Nothing but an exact repeat of the data, with pictures removed, belongs in the answer.

-------- Supplied material

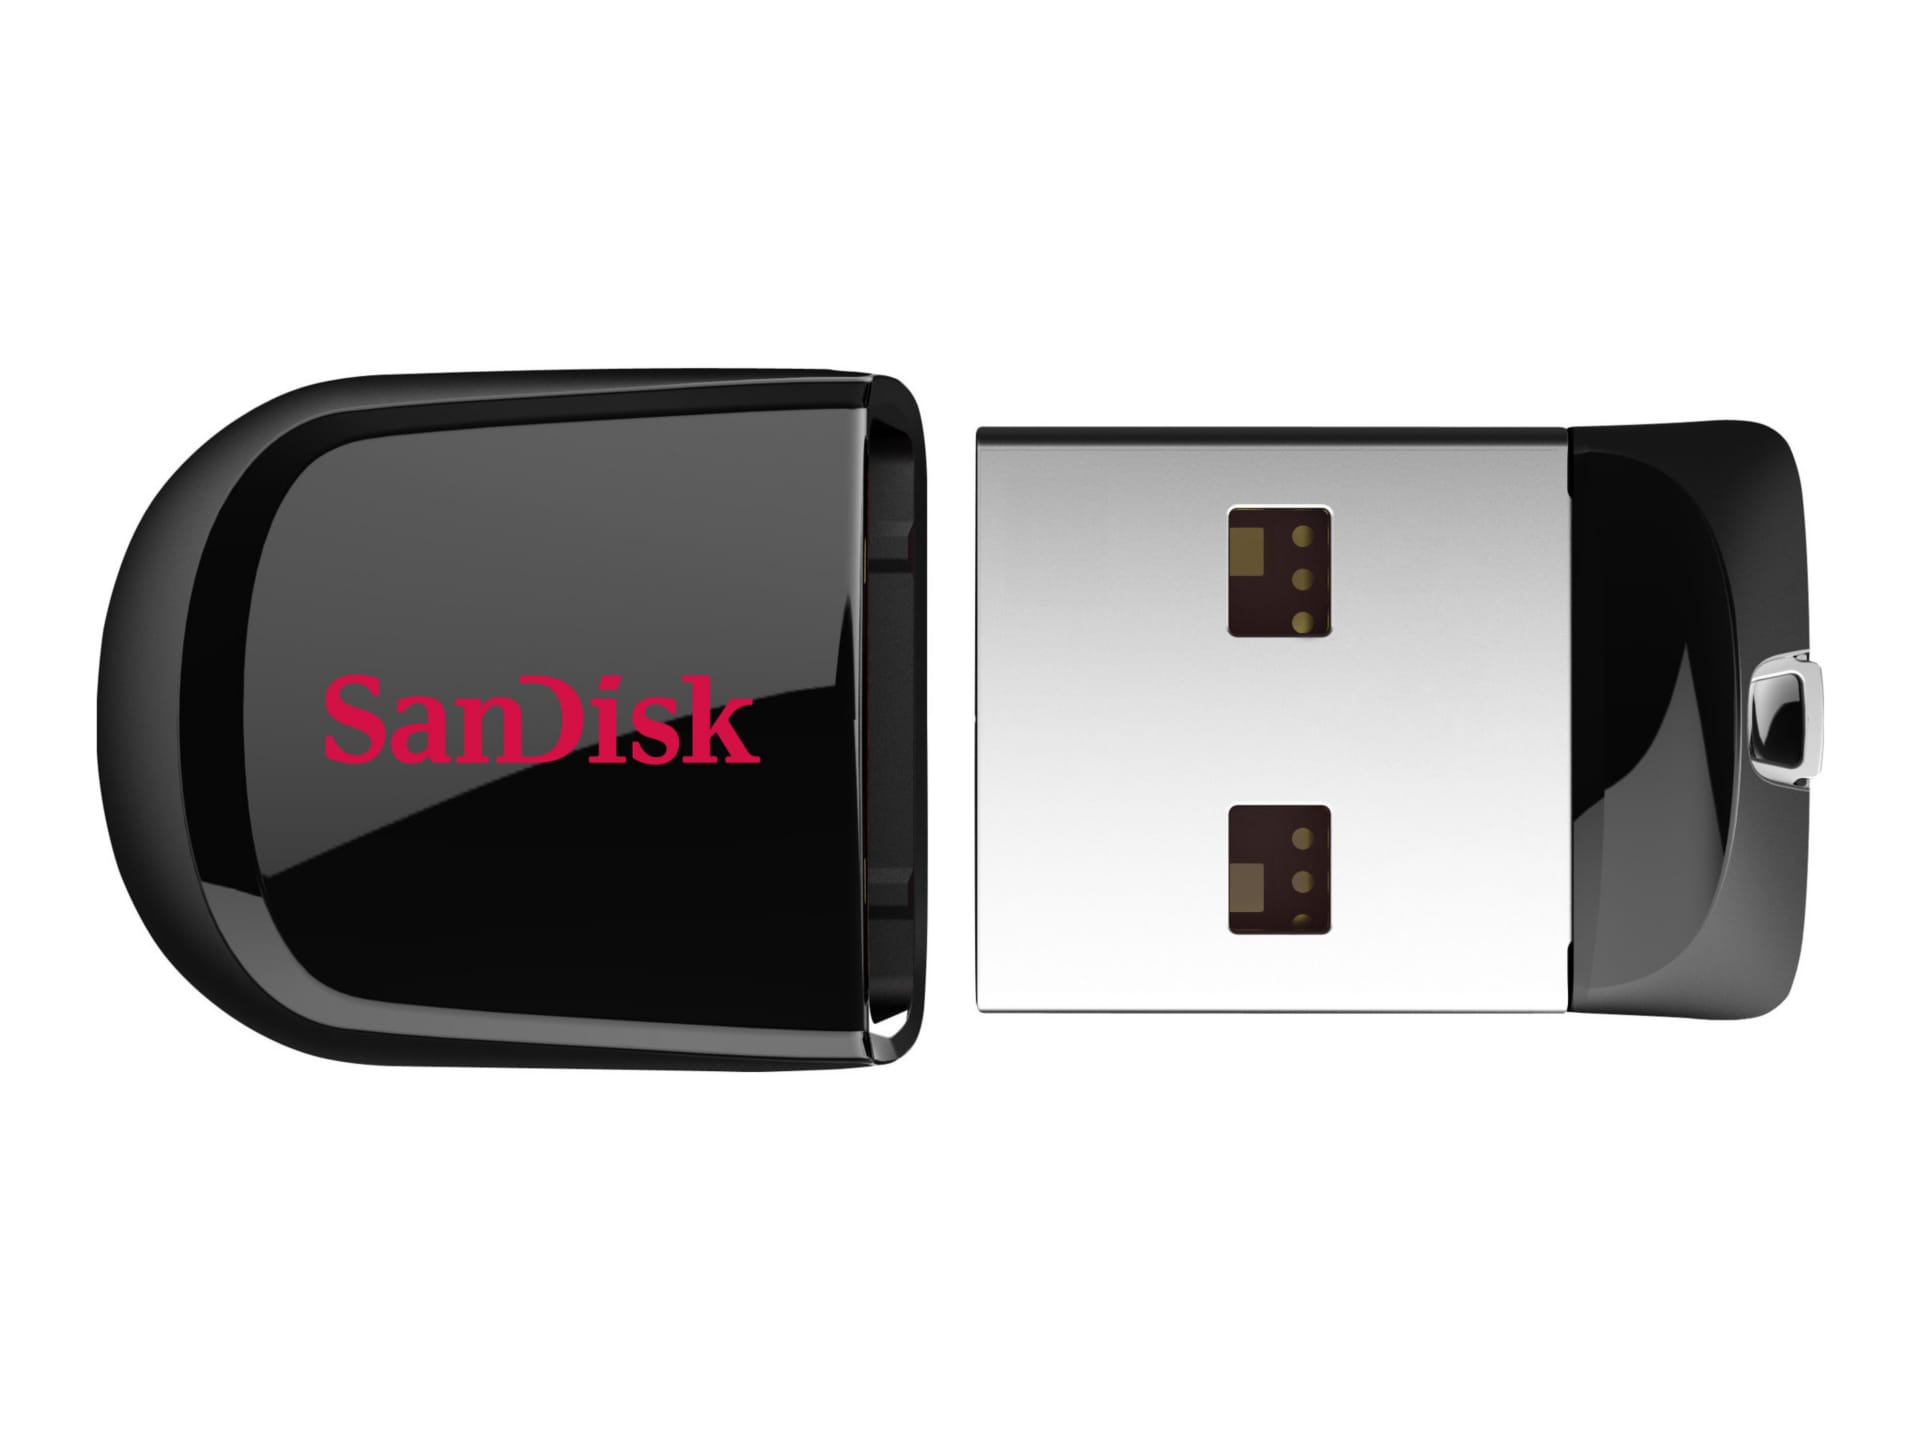 SanDisk Cruzer Fit - USB flash drive - 64 GB
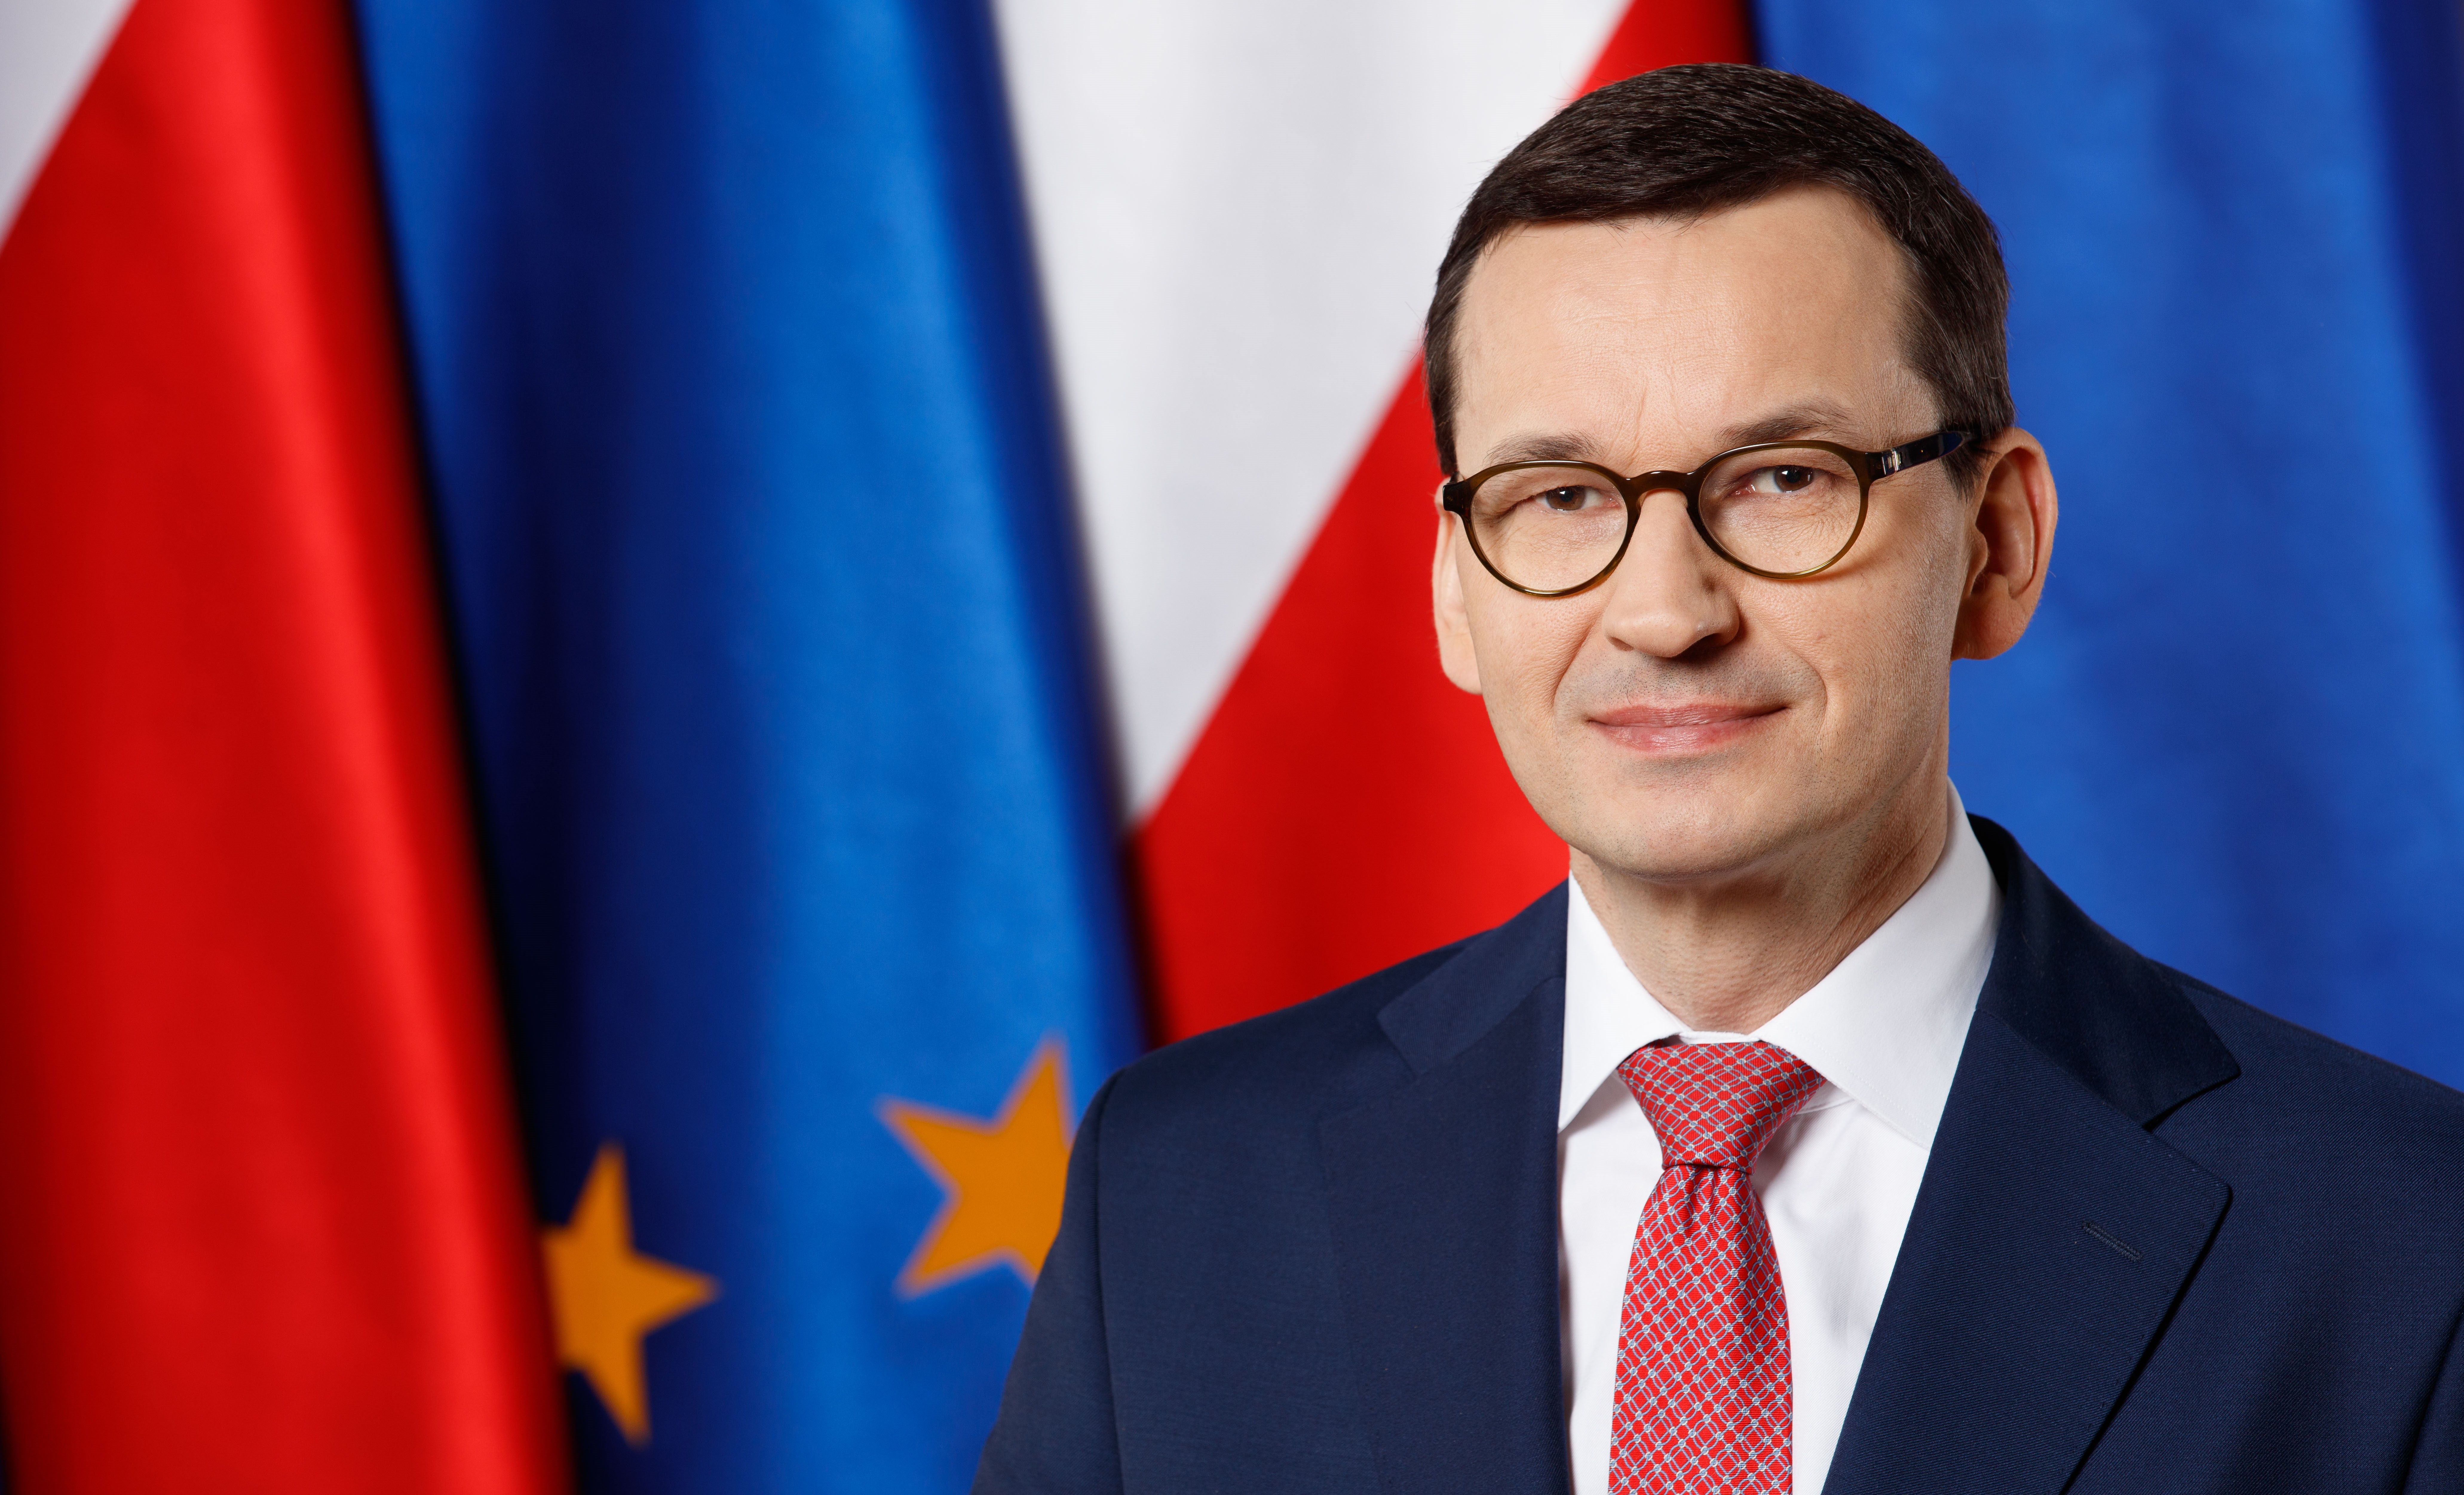 Jak podaje "Rzeczpospolita" Komisja Europejska zamierza zamrozić niemal wszystkie pieniądze przysługujące Polsce.
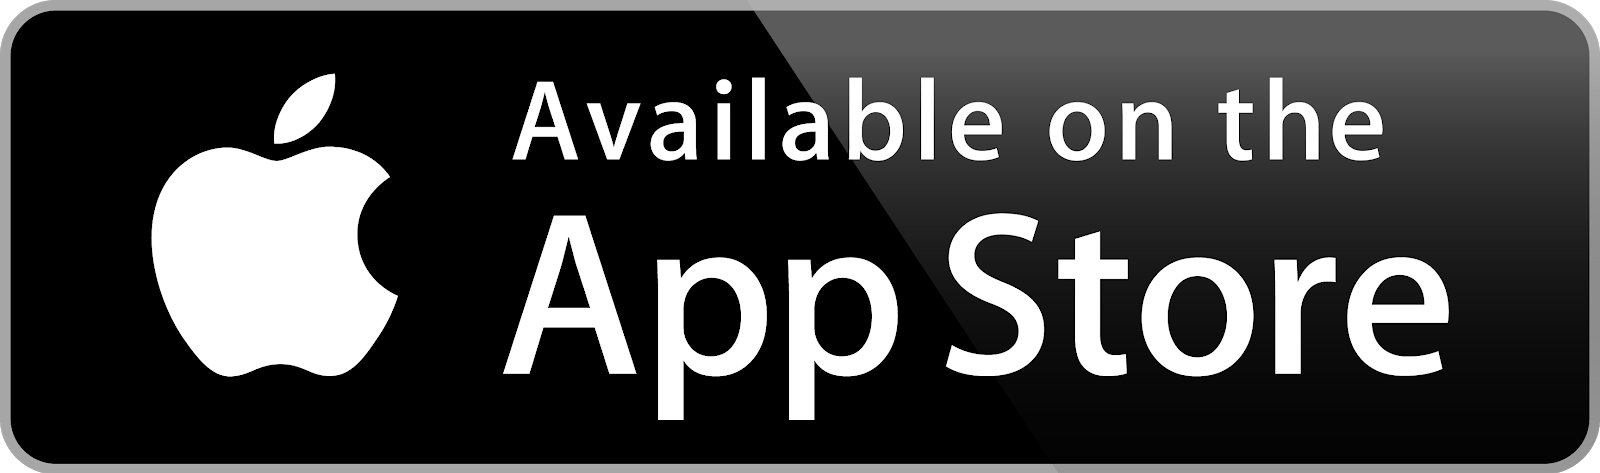 app_store_download

----------------

### [Result for this exercise]
 SanDisk Cruzer Fit - USB flash drive - 64 GB
 Jak podaje "Rzeczpospolita" Komisja Europejska zamierza zamrozić niemal wszystkie pieniądze przysługujące Polsce.
 app_store_download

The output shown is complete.